Little and Large fabric trees...... the larger one is about 15" diameter and the smallest is about 5". Ive attached the letters LOVE on the larger one. I have made afew more featuring words on them, will take some pics of them too. These have become an out and out obsession, my ambition is to flood the world with fantasy trees, they can hang alongsode all those Dream catchers out there! (Well, it keeps me off street corners lets face it...)
The green one was a trial one really. I found this unusually tactile velvet on heavyweight voile, old fashioned long skirt and wondered if it might work as foliage. Not sure it has really, it seems very Gothic but I dont dislike it exactly... think the fabric would work better as foliage on the ground, ruched up and manipulated, theres plenty left so will play with it later!
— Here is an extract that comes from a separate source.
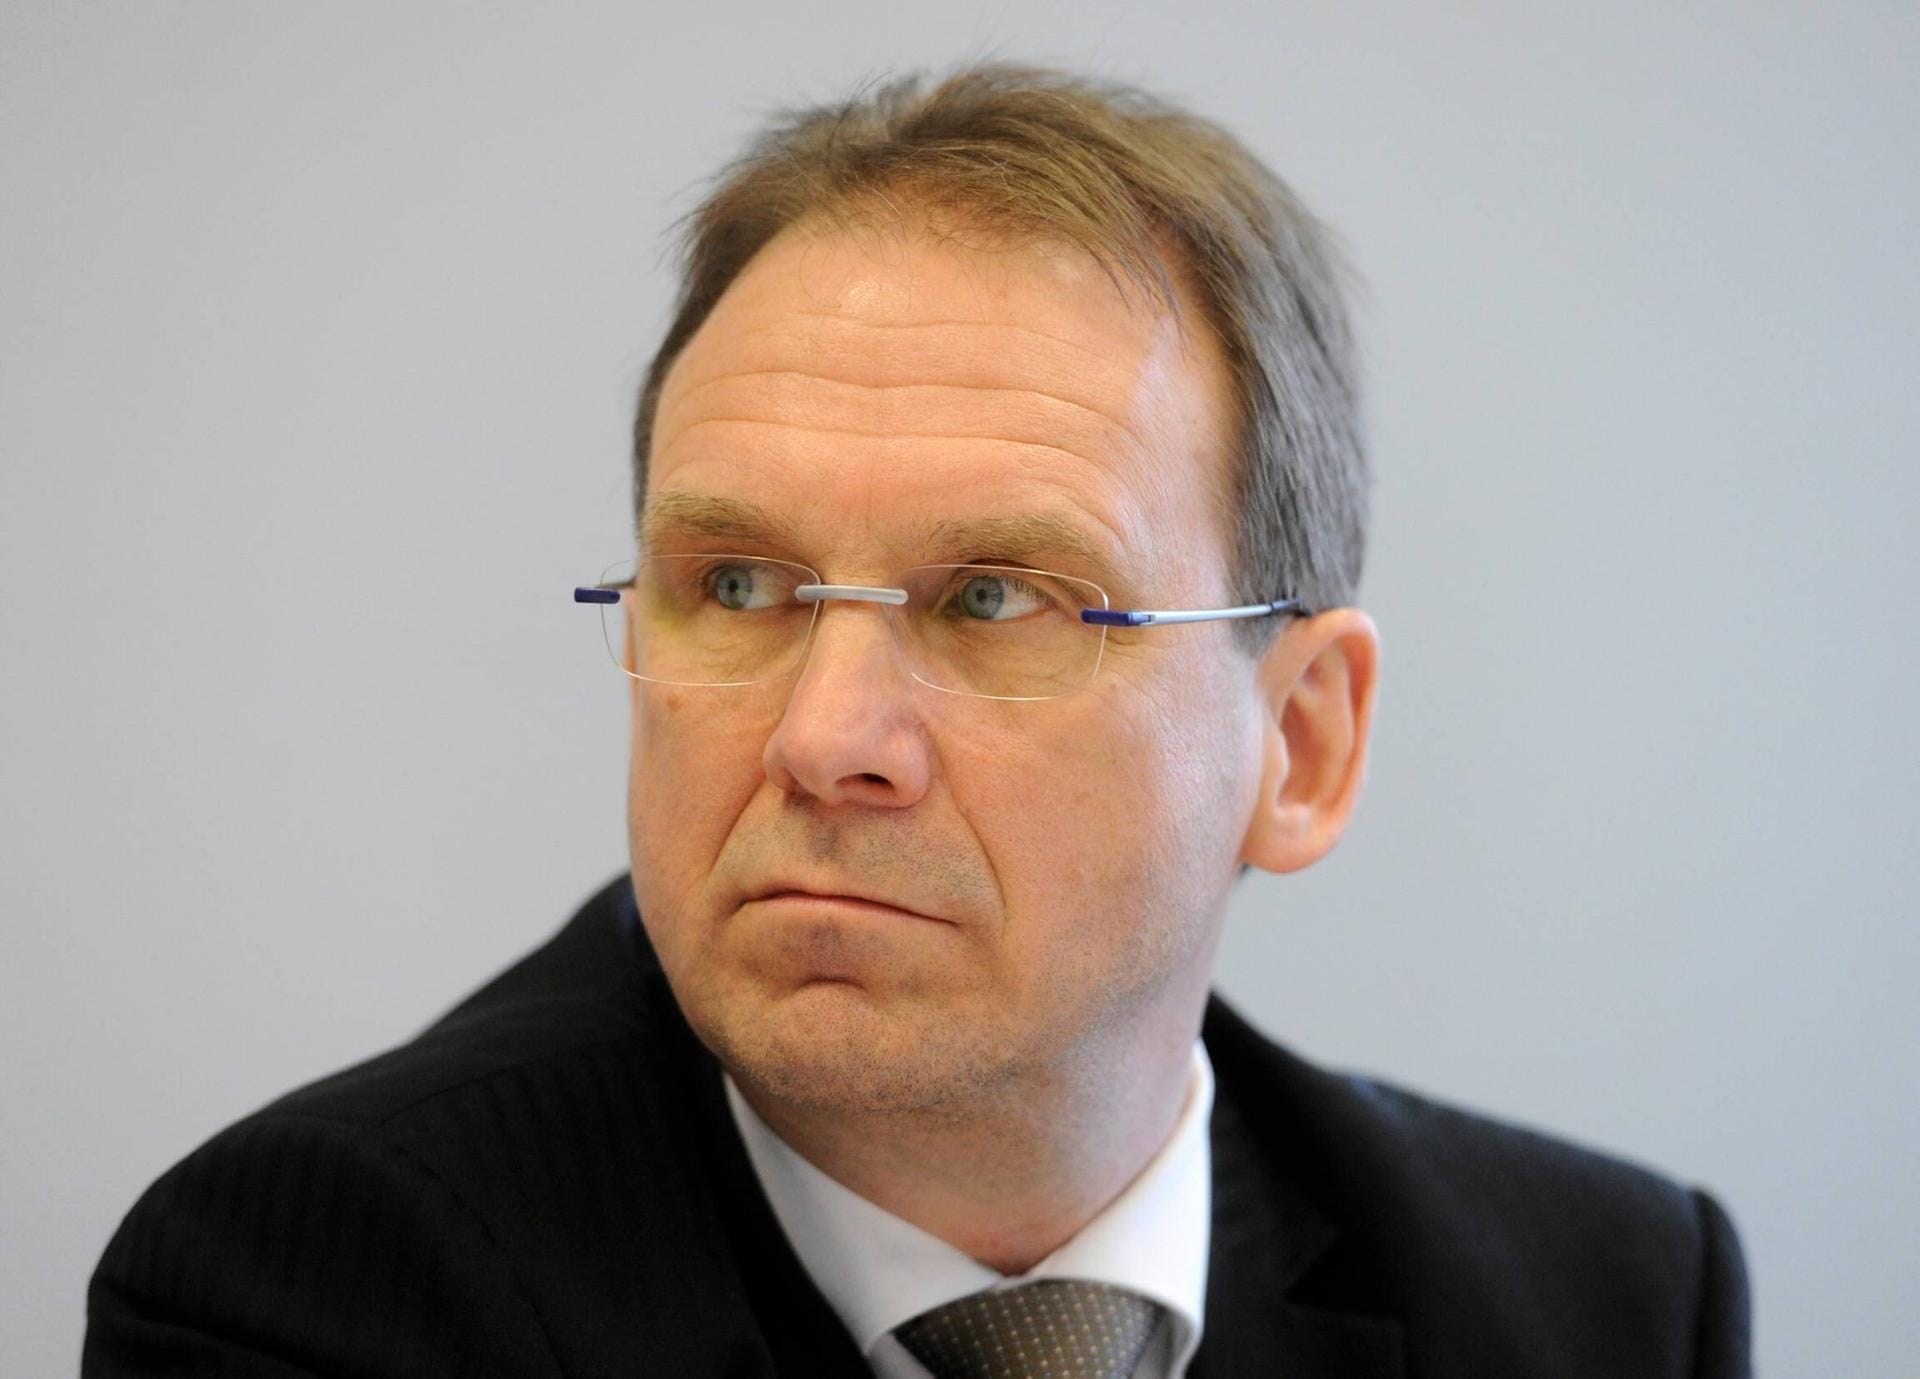 Dieter Althaus ist 2009 vom Amt des Ministerpräsidenten von Thüringen zurückgetreten.Schon 2010 wird er Vizepräsident für den Automobilzulieferer Magna. Aufgabengebiet: "Regierungsangelegenheiten".

Short and sweet this evening, Creative Gene is tapping away in my head........now am off in search of the right length of driftwood, amongst my stash of wierdy shaped pieces.......going to try and dye it a daft colour.............well why not!
:)

Tuesday, 22 September 2009

A bonus visit - but for sad reasons

It was sad that my very good friend Mary had to come over from Oz, for her sisters funeral but the up side was that we
had chance to spend time together after
the emotions of the family event.
Mary came and spent a couple of days with me and we trolled off to Scarborough for a day, so she could chill and paddle on a beach, that she had often chilled and paddled on, as a child. So it was a therapeutic trip down memory lane and the weather was belovedly kind to us.
She stood before the very beach hut that she had used, when her own daughter was still in a pram. So where her Mum had taken her as a child, so did she take her own children when they were young and theyd all still lived in England .............kind of full circle and warming don't you think?
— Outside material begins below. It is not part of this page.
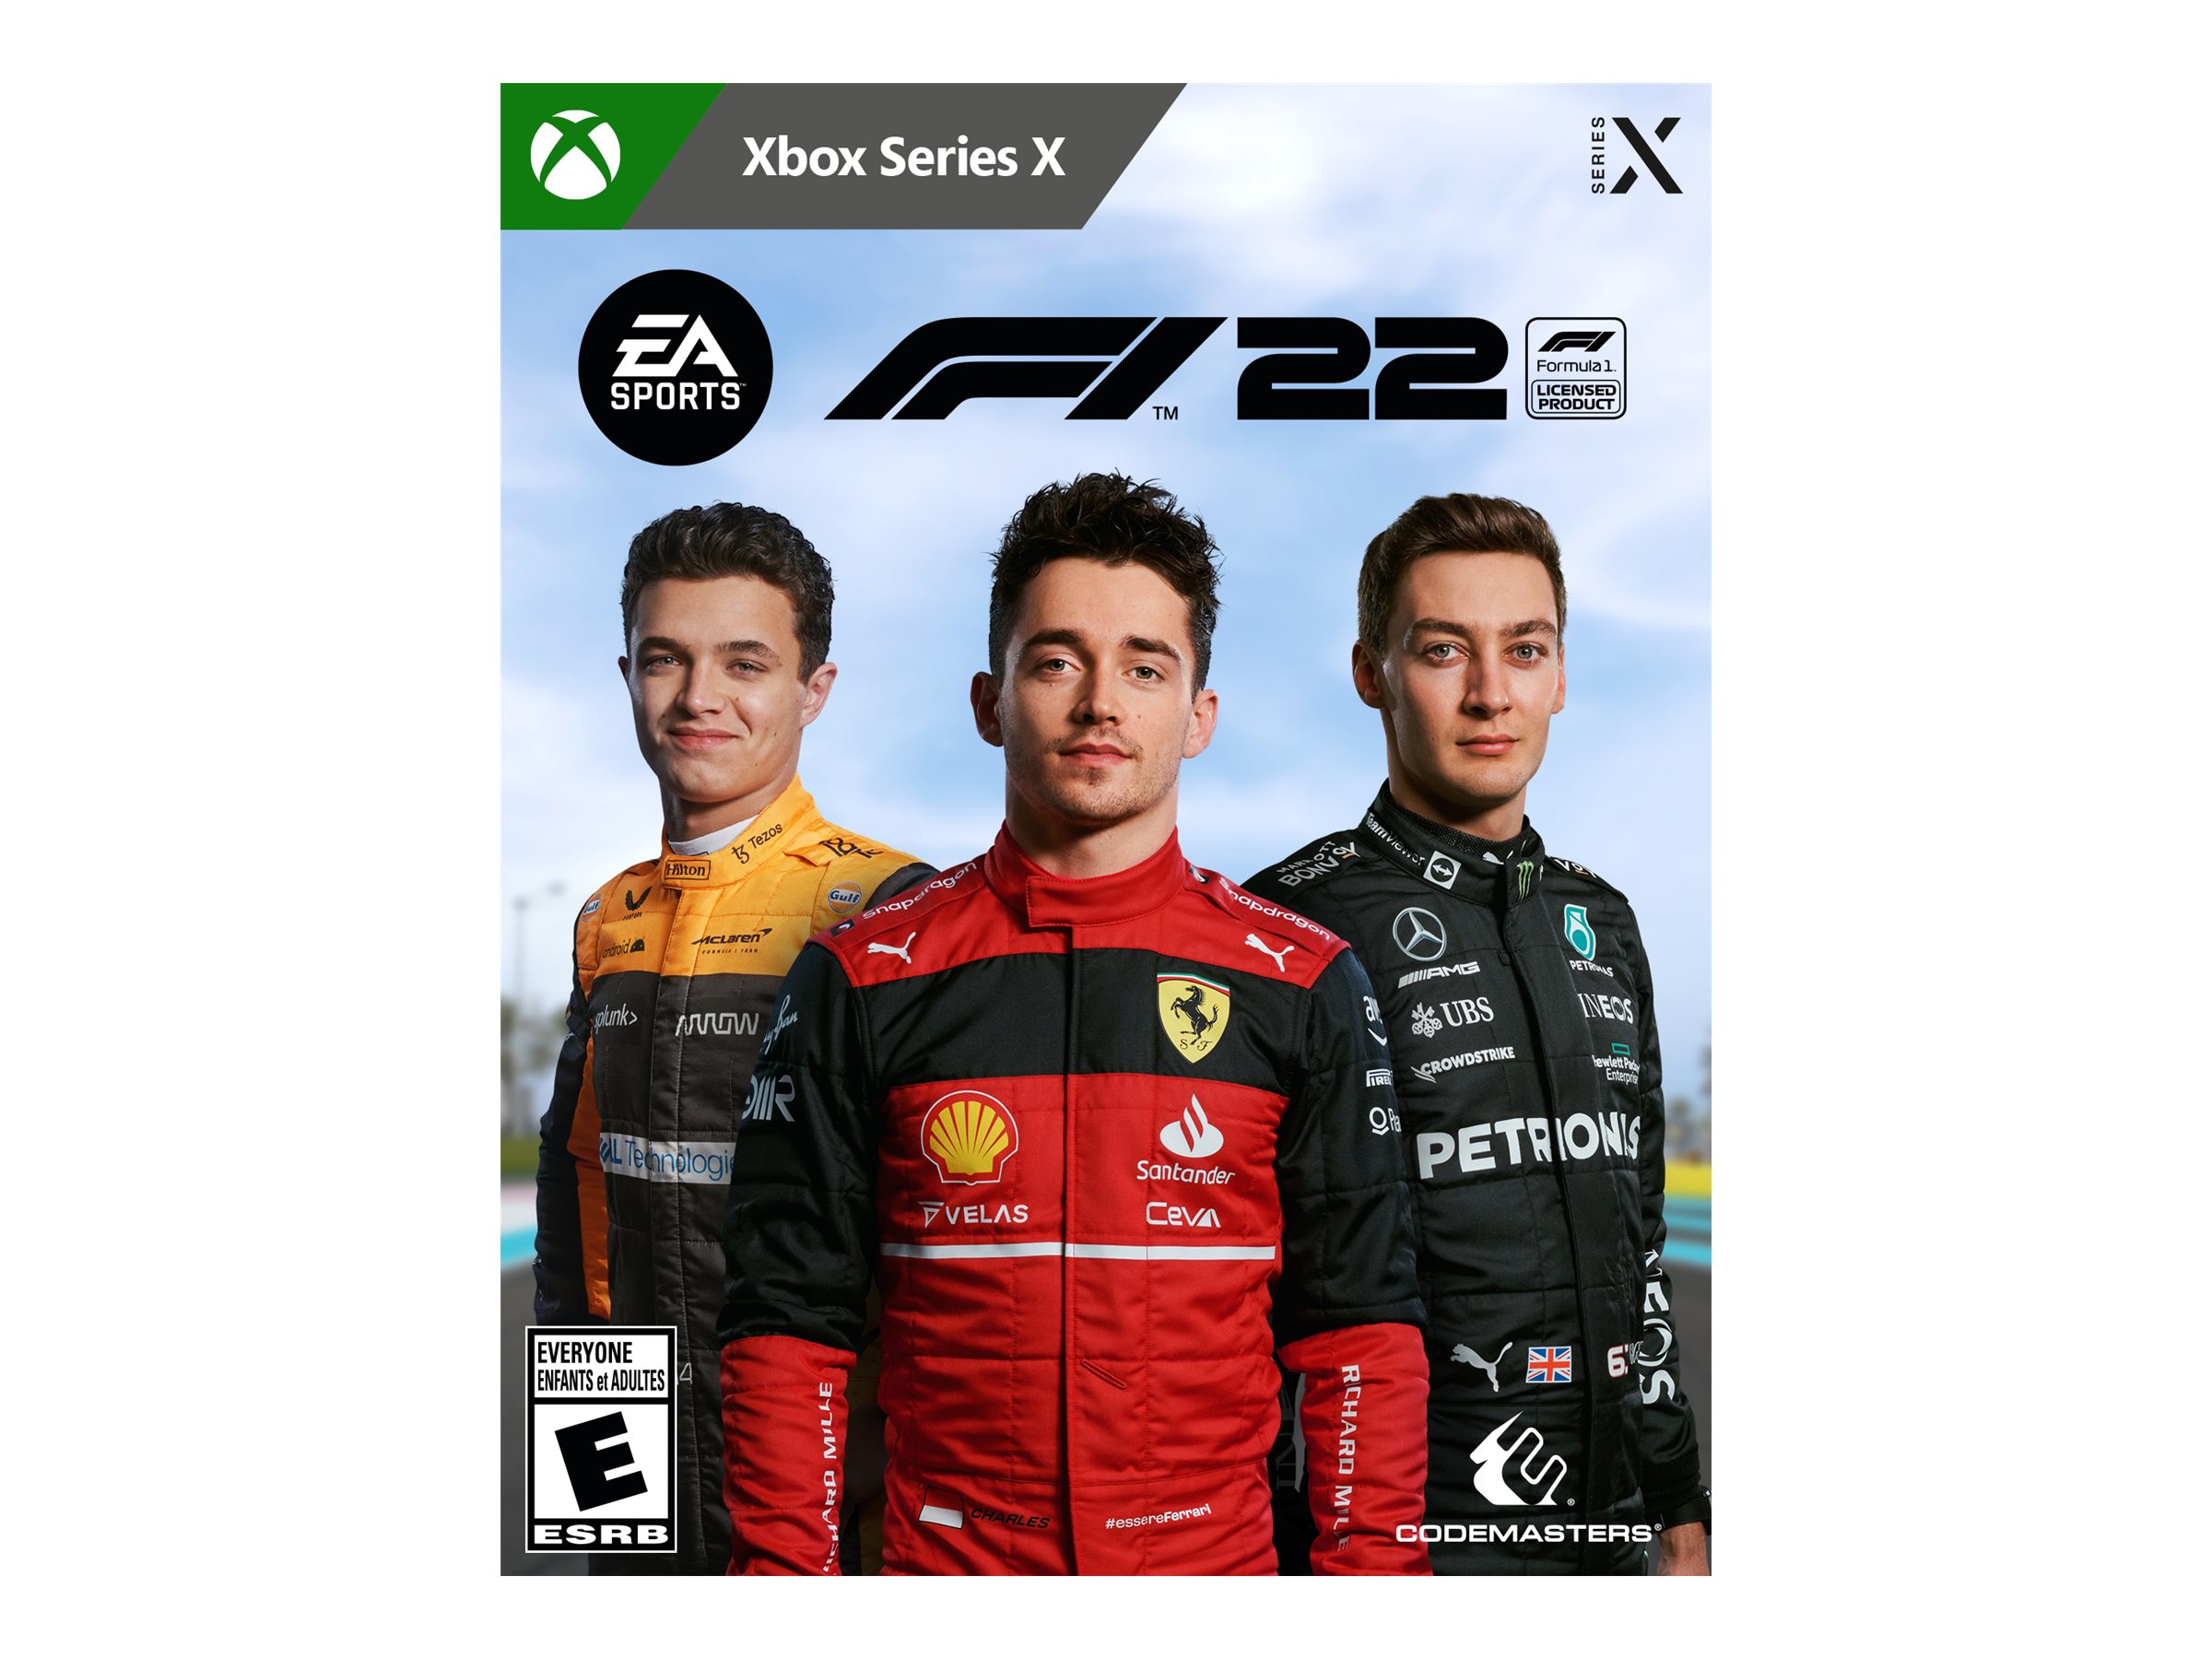 Xbox Series X F1 22

Especially when Mary is tracing her ancestors now and each step taken looking backwards, is all the more special when you retread your own steps from years ago... (not that she's that OLD yet..............and she is younger than me lolol).
We were she told me, making new memories by treading that sand this time, and I was thrilled to have shared them with her.
The piccy above left is not taken at Scarborough though but at Holmpton, a village not far from Withernsea and at sunset on our way home to Hull that same day.
Mary is stood beside a memorial that has been recently situated along side the church there, to commemorate the crew of Flight L7523, who died whilst trying to land with much damage to their aircraft, in war time.
The 207 Sqn Bomber Command crew all died and Mary only unearthed this fact as she traced her family history, her own Uncle had been an Air Gunner on board and died, 'nowt but a lad' as my Granma would have said.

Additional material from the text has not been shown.